The official blog of the Microsoft Excel product team
Improvements to Chart Performance

Thanks to Ben Rampson for putting this post together.

In today’s article I will outline some of the significant new chart improvements that impact performance. In Office 2007 the graphics engine used by Office Charts was replaced with one that could support more complex rendering. A downside of this change was slower performance in certain scenarios relative to Office 2003. For example, supporting anti-aliasing in Office 2007 allows the chart to render smooth lines; however, the computation for smoothing takes multiple rendering passes which take additional time. One of the top priorities for Office 2010 was increasing chart performance. The examples below detail some of this work.
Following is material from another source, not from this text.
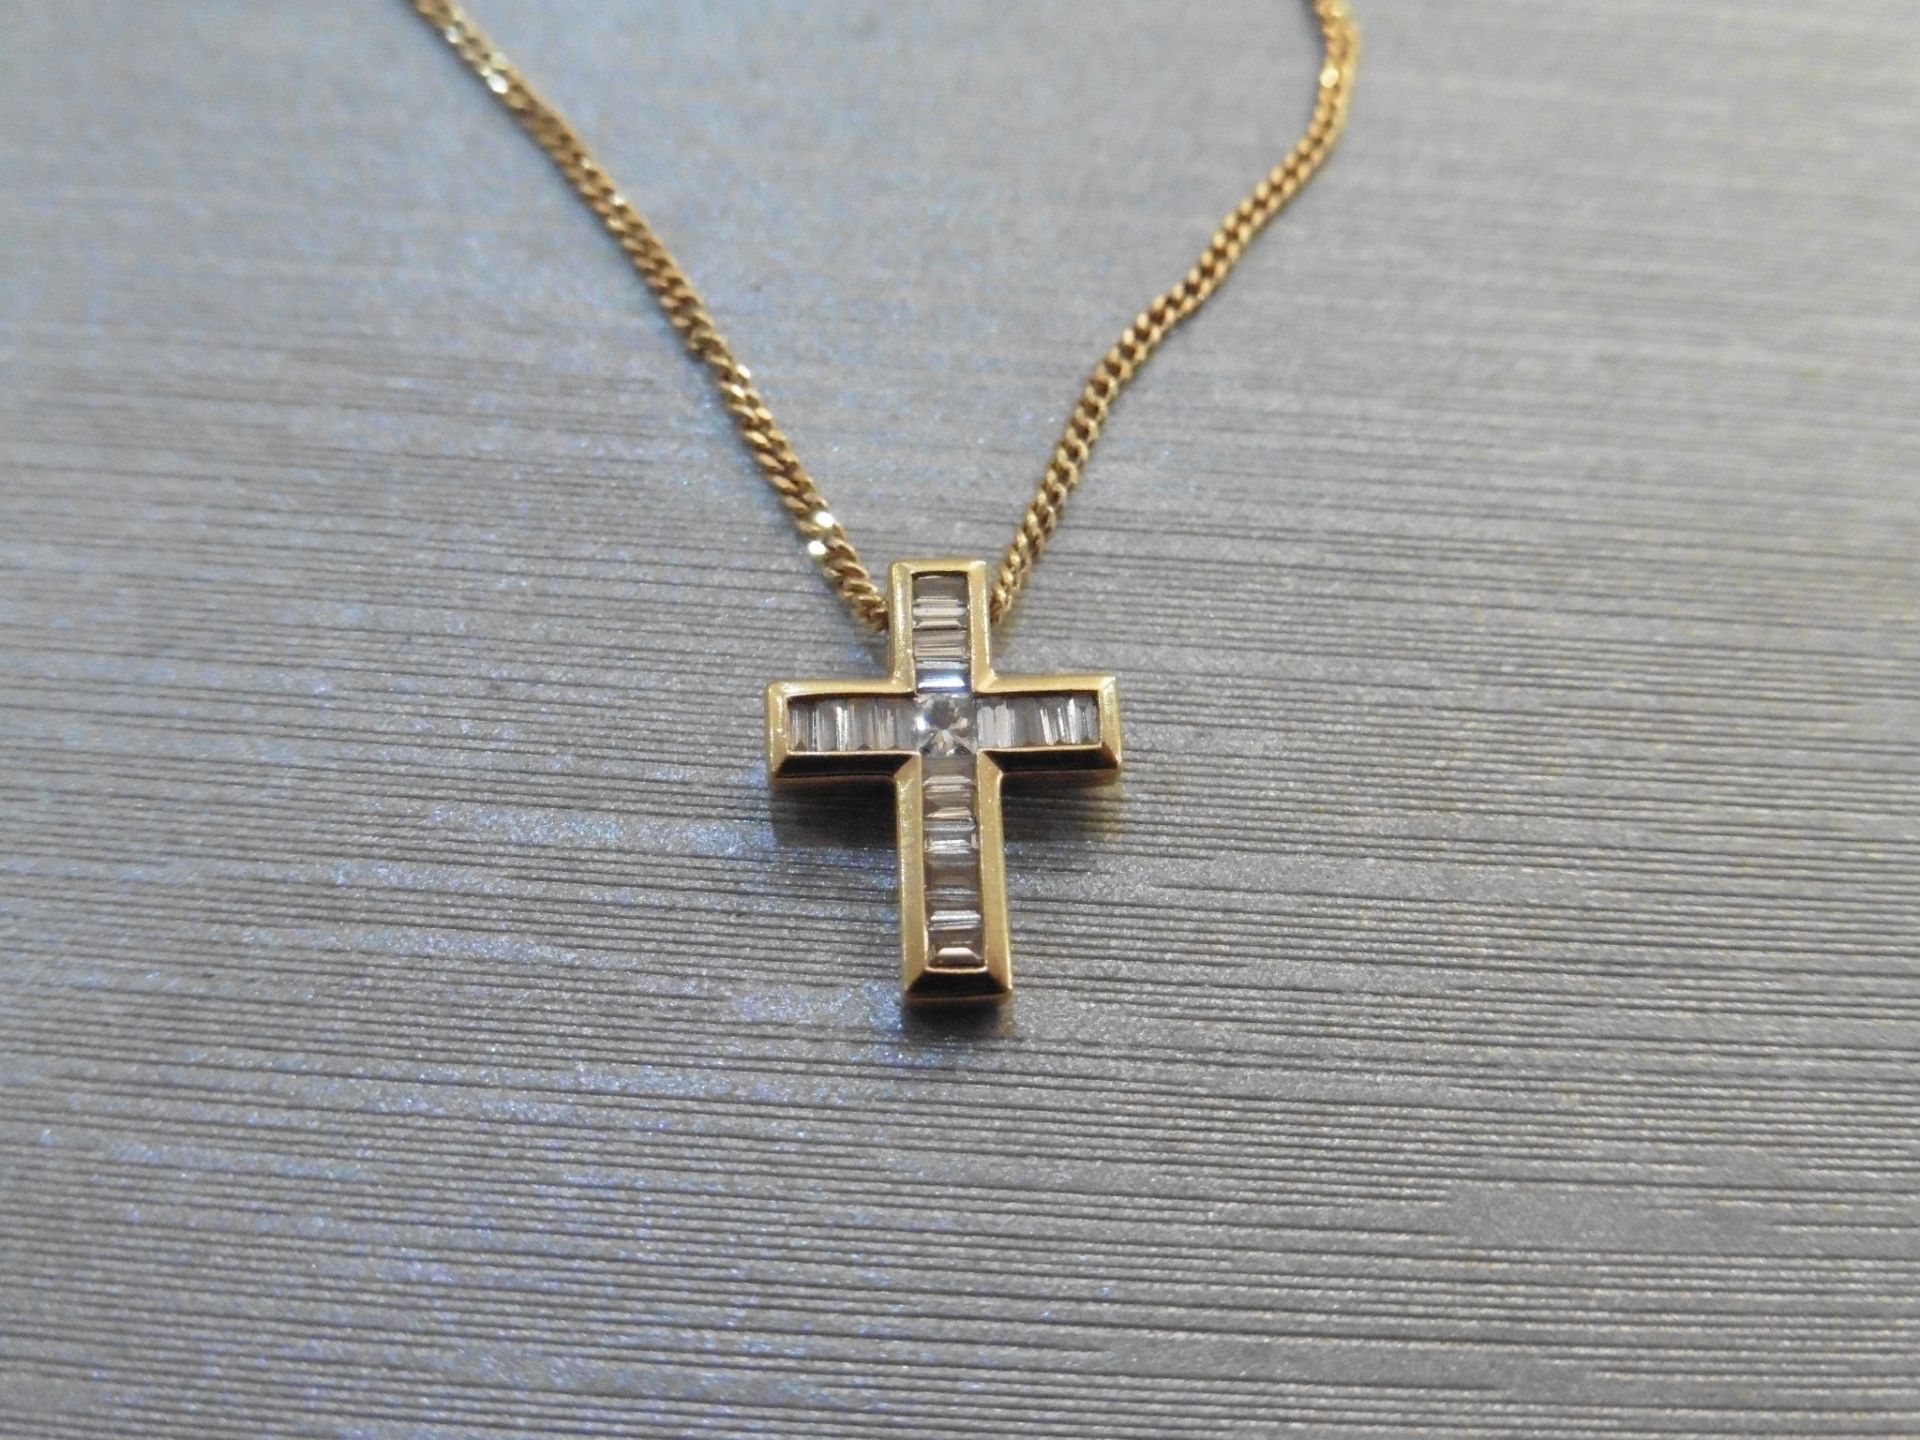 Diamond cross pendant set with 1 small princess cut diamond in the centre and surrounded by baguette
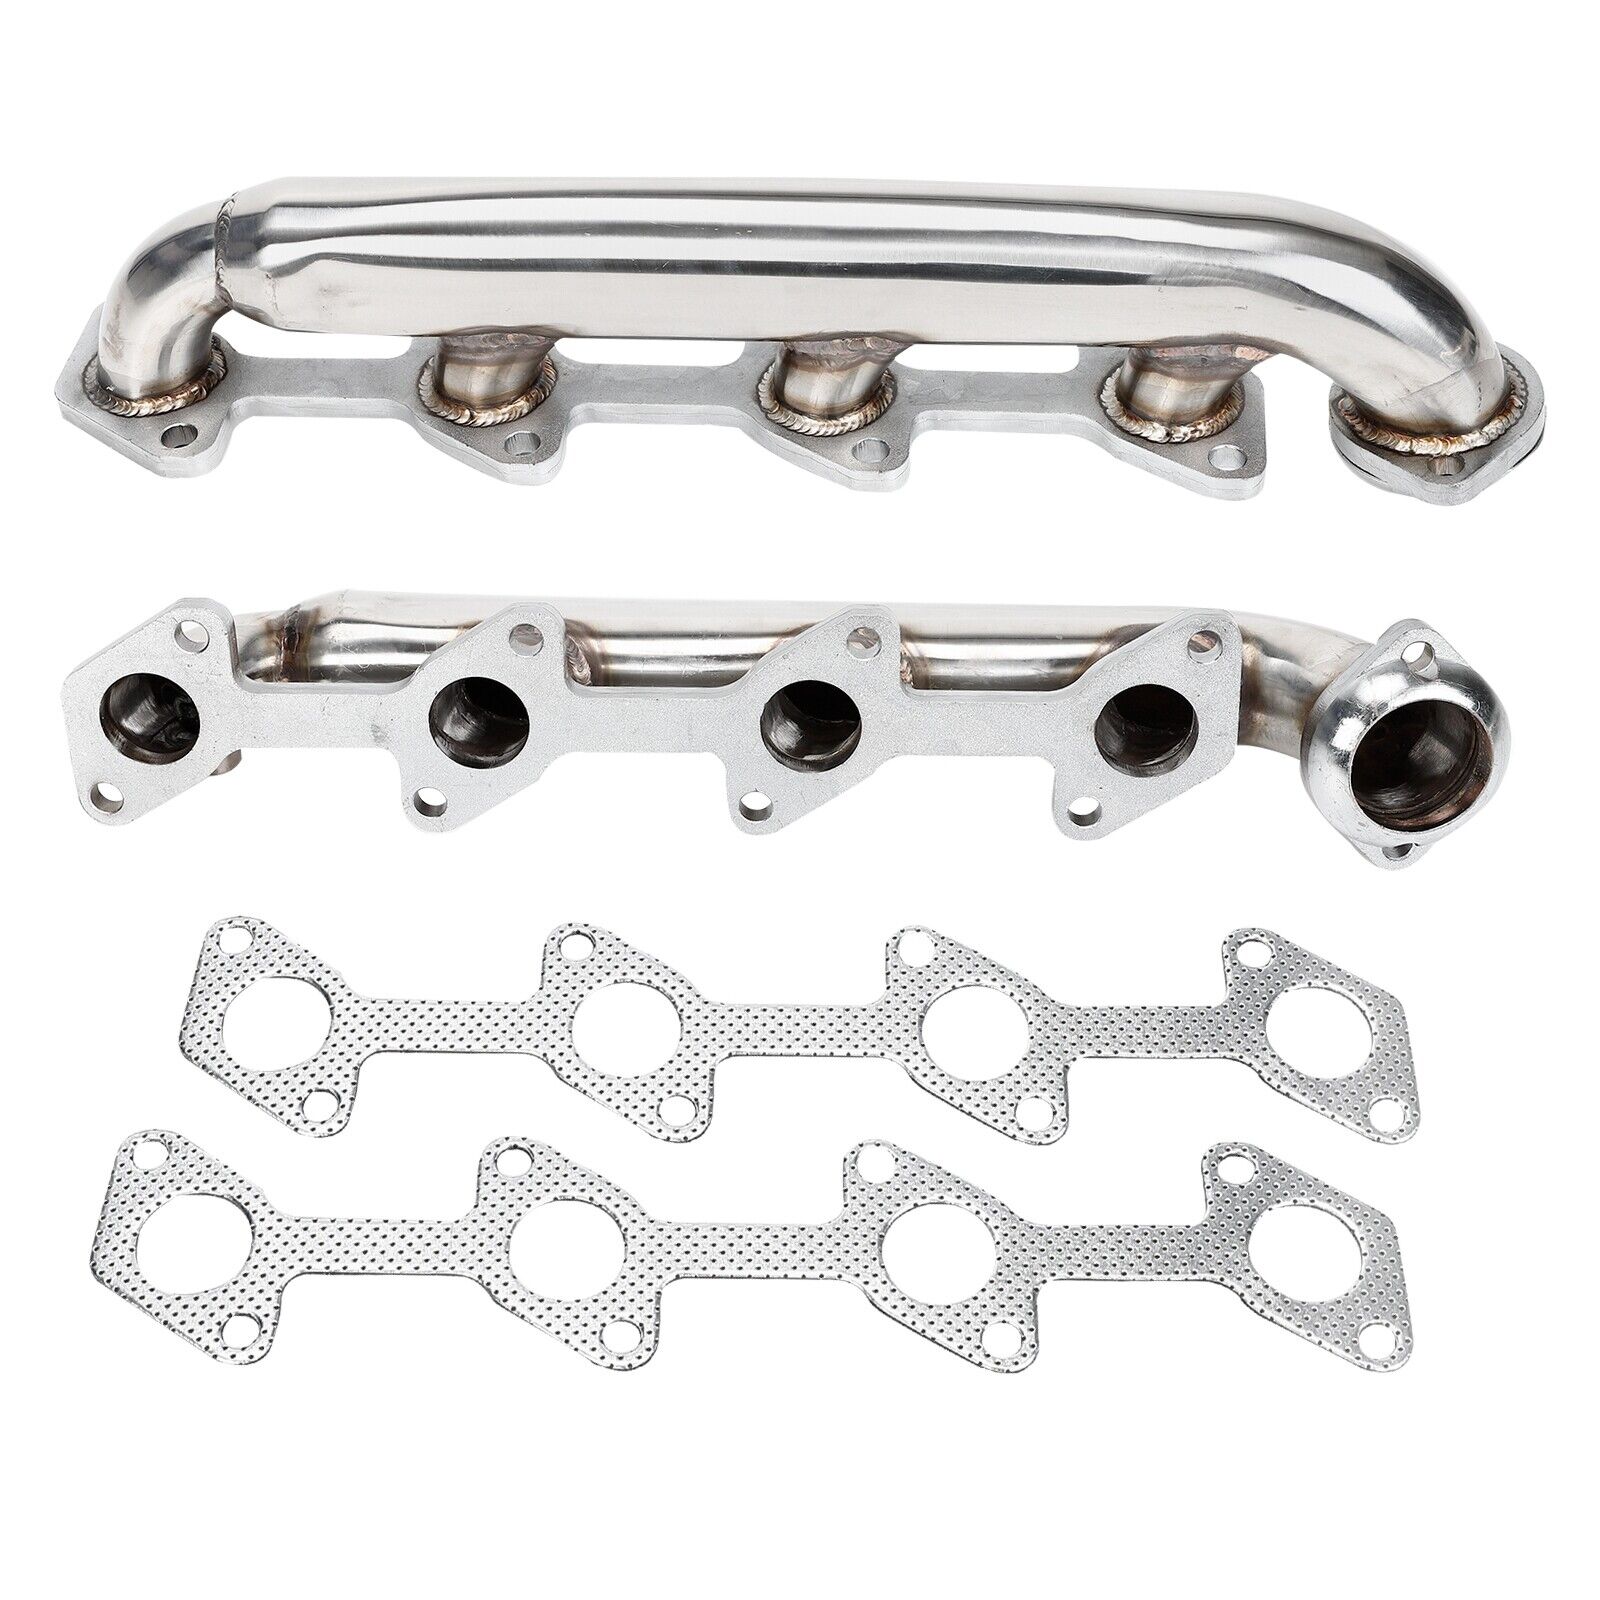 Stainless Steel Manifold Headers  For 03-07 Ford Powerstroke F250 F350 6.0

One of the primary areas of focus was improving the rendering speed of charts with large data sets. Many customers need to plot very large amounts of data to spot trends. The image below shows a sample scatter chart that has six series, each with ten thousand points. I sampled some timing measurements on this chart in multiple versions of Office. In Office 2003 this chart took 1.3 seconds to render. In Office 2007 the render was 14.7x slower than Office 2003, taking 19 seconds. In Office 2010 the resize action takes 1.8 seconds, 1.3x slower than Office 2003 but 10.5x faster than Office 2007.

image

In many cases Office 2010 not only provides fast performance, it addresses many blocking customer issues with Office 2007. I was recently working with a customer submitted file that plotted 120 thousand data points across four series of line and scatter chart types. In Office 2003 the chart took 2.7 seconds to render. In Office 2007 the chart wouldn’t render after trying for 5 minutes. In Office 2010 the chart was drawn in 4.7 seconds.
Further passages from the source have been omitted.